Любимого пса Эмили, Кипера, тоже не было, никто не нарушал тишину сопением и лаем, не тянул Шарлотту зубами за подол. Зато она больше не видела его глаз, когда пес, услышав, что открывается дверь, смотрел на нее с мольбой и надеждой – вдруг войдет хозяйка; да и сама Шарлотта, почувствовав свежую струю воздуха из передней, не оживлялась, зная: Эмили не вернется с прогулки по пустоши. О, как ей не хватало их былого товарищества и поддержки, которые, как казалось раньше, будут с ней всегда!

Как недавно и в то же время неизмеримо давно кончилось то время, когда она делила с сестрами и братом не только отцовский кров, стол, но и всю жизнь. Здесь они говорили, писали, любили и раздражали друг друга так неистово, что весь мир, казалось, почтительно отступил, ожидая, когда же они насытятся обществом друг друга.

Здесь они смеялись и спорили, пока Шарлотта писала «Джейн Эйр», а ее сестры – свои романы, и никто не догадывался тогда, какие бури и невзгоды ворвутся вскоре в их скромную, незаметную жизнь.

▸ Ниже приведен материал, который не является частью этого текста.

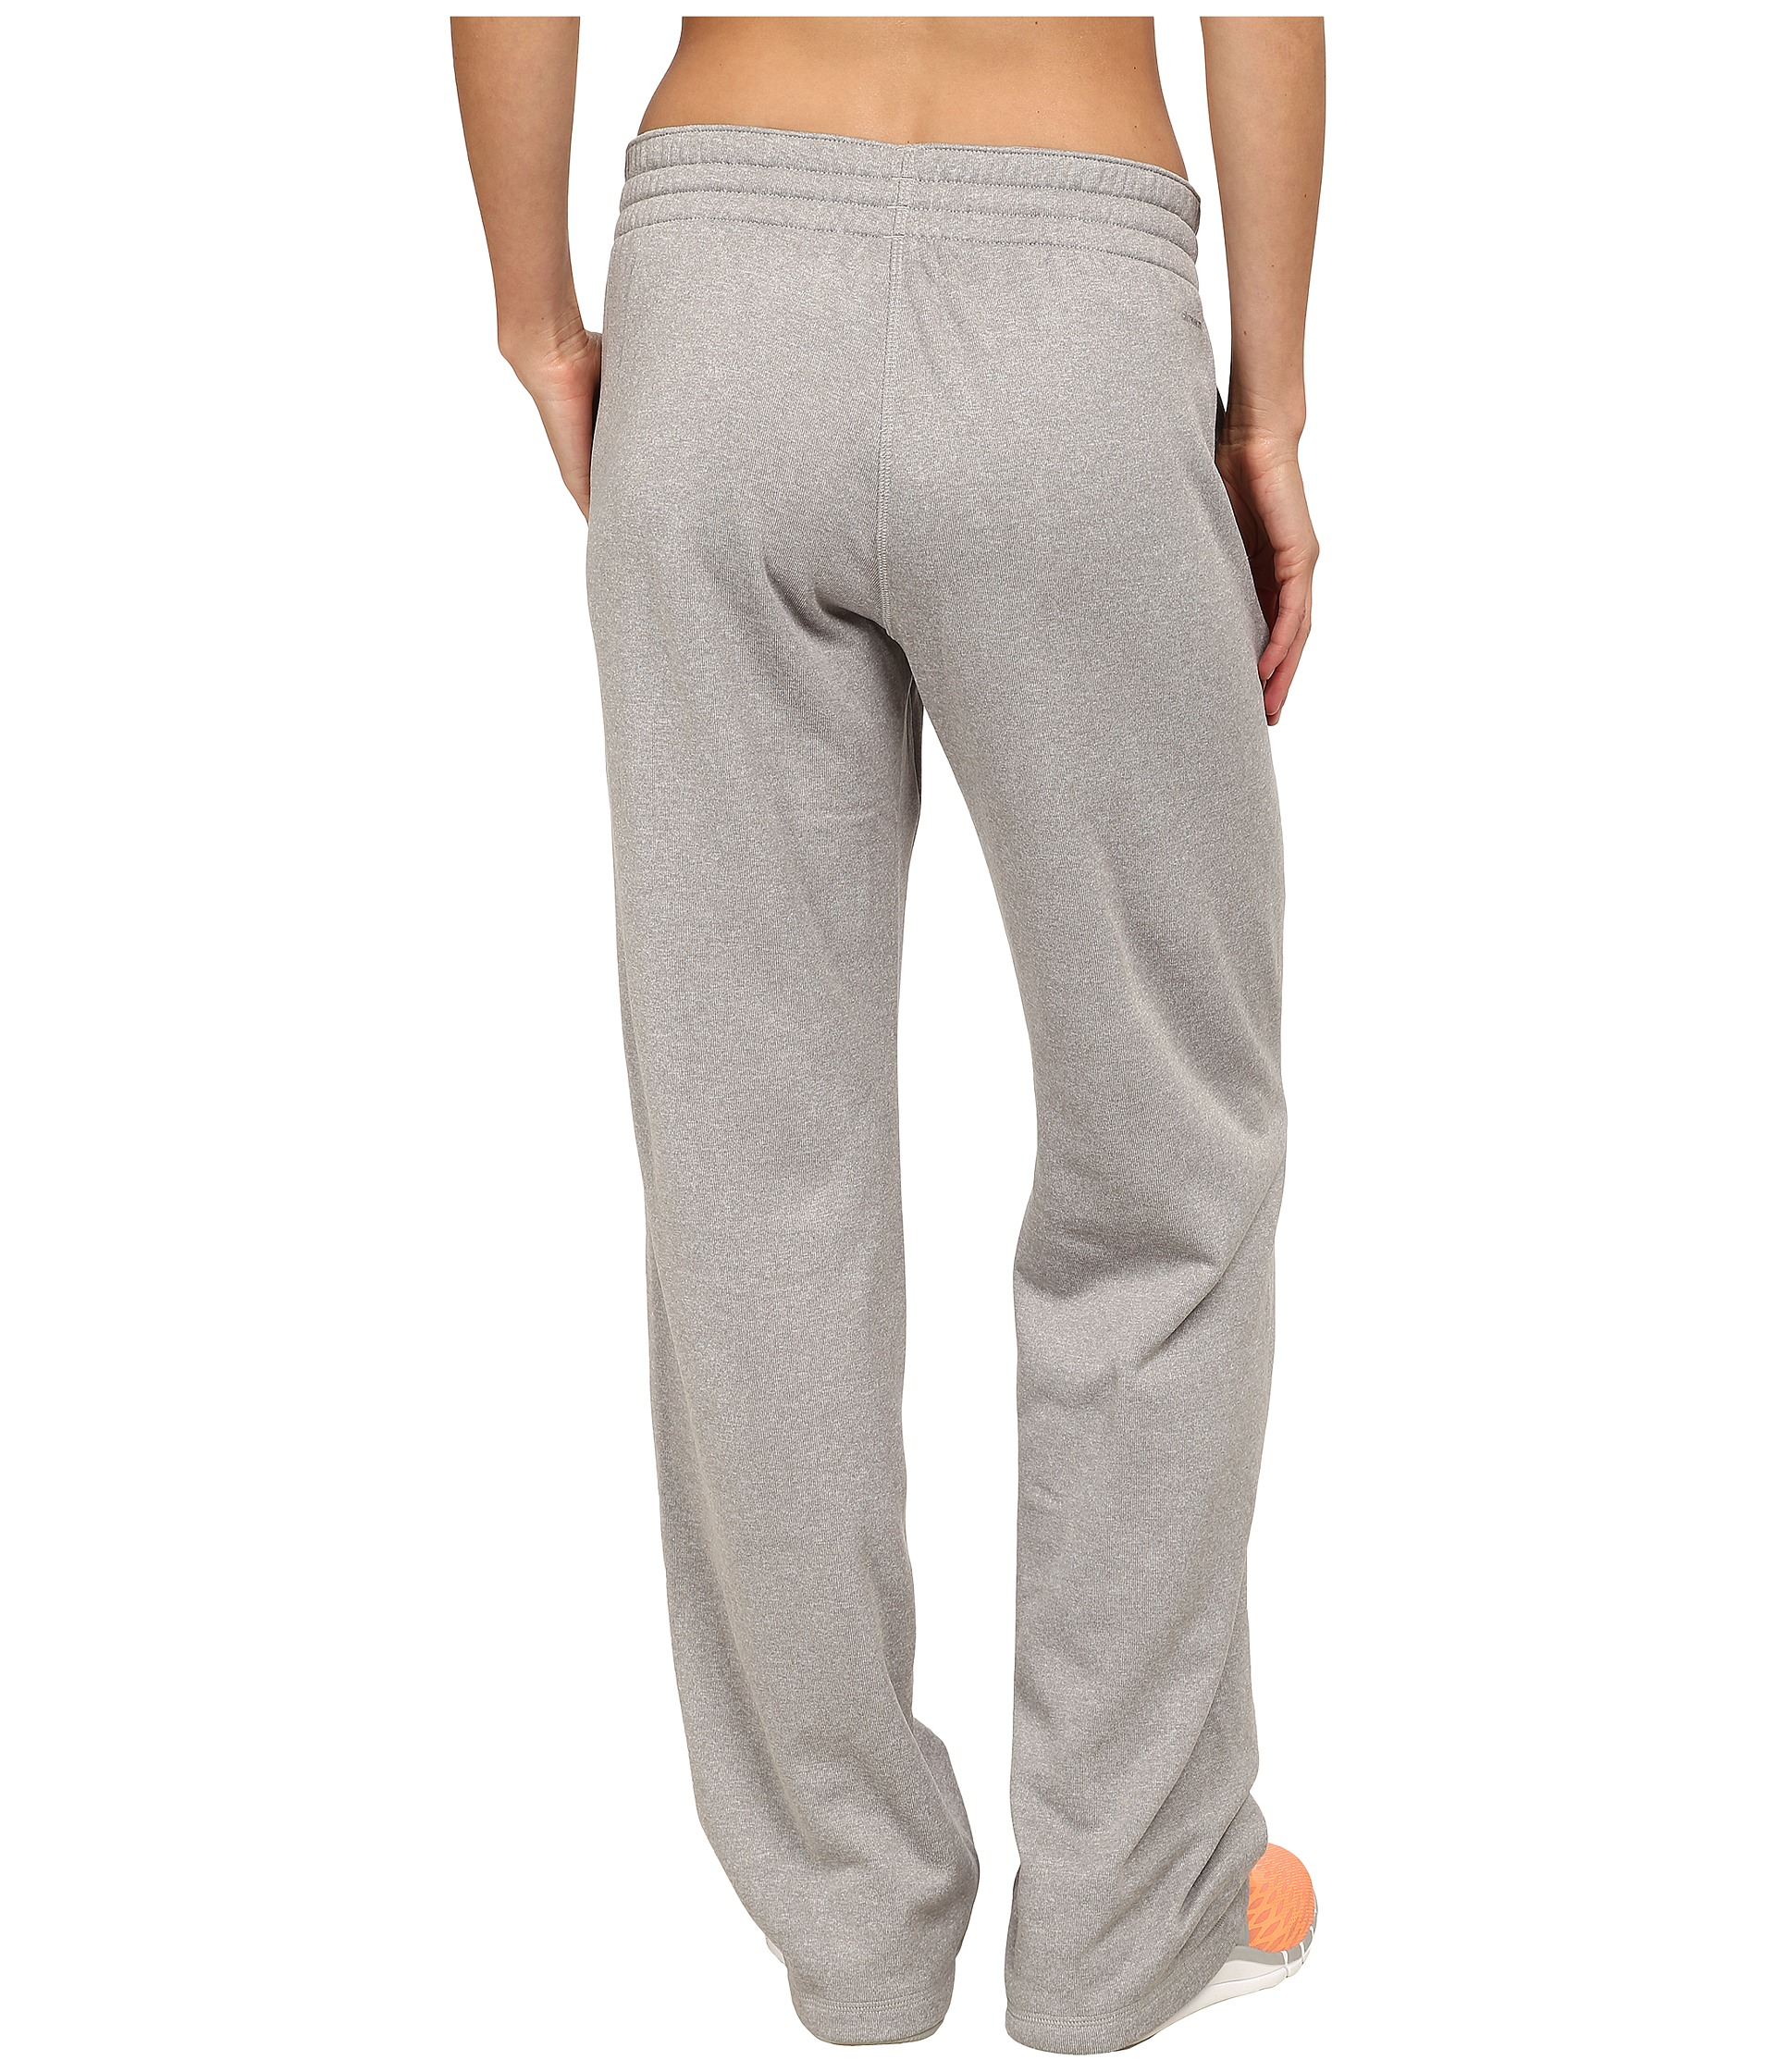 Lyst - Adidas Ultimate Fleece Pants in Gray

Теперь, когда Эмили, Энн и Бренуэлл отошли в лучший мир, существование в одиночестве стало для Шарлотты обузой.

И все же…

Уголки рта Шарлотты изогнулись в слабом подобии улыбки, когда она стала вспоминать приключения, которые выпали на их долю, тайны, которые они раскрыли, и секреты, которые они сохранили.

По обе стороны океана, в светских гостиных Лондона и на званых вечерах Нью-Йорка, только и разговоров было, что об «этих сестрах Бронте», которые осмелились показать в своих романах таких страстных и гордых героинь. Сначала многие усомнились, что так писать о женщинах могли мужчины, позже, когда псевдонимы были раскрыты, другие наотрез отказались верить в то, что авторами этих книг были женщины, ибо что могут они знать, тем паче рассказать о жестокости и беспросветном мраке?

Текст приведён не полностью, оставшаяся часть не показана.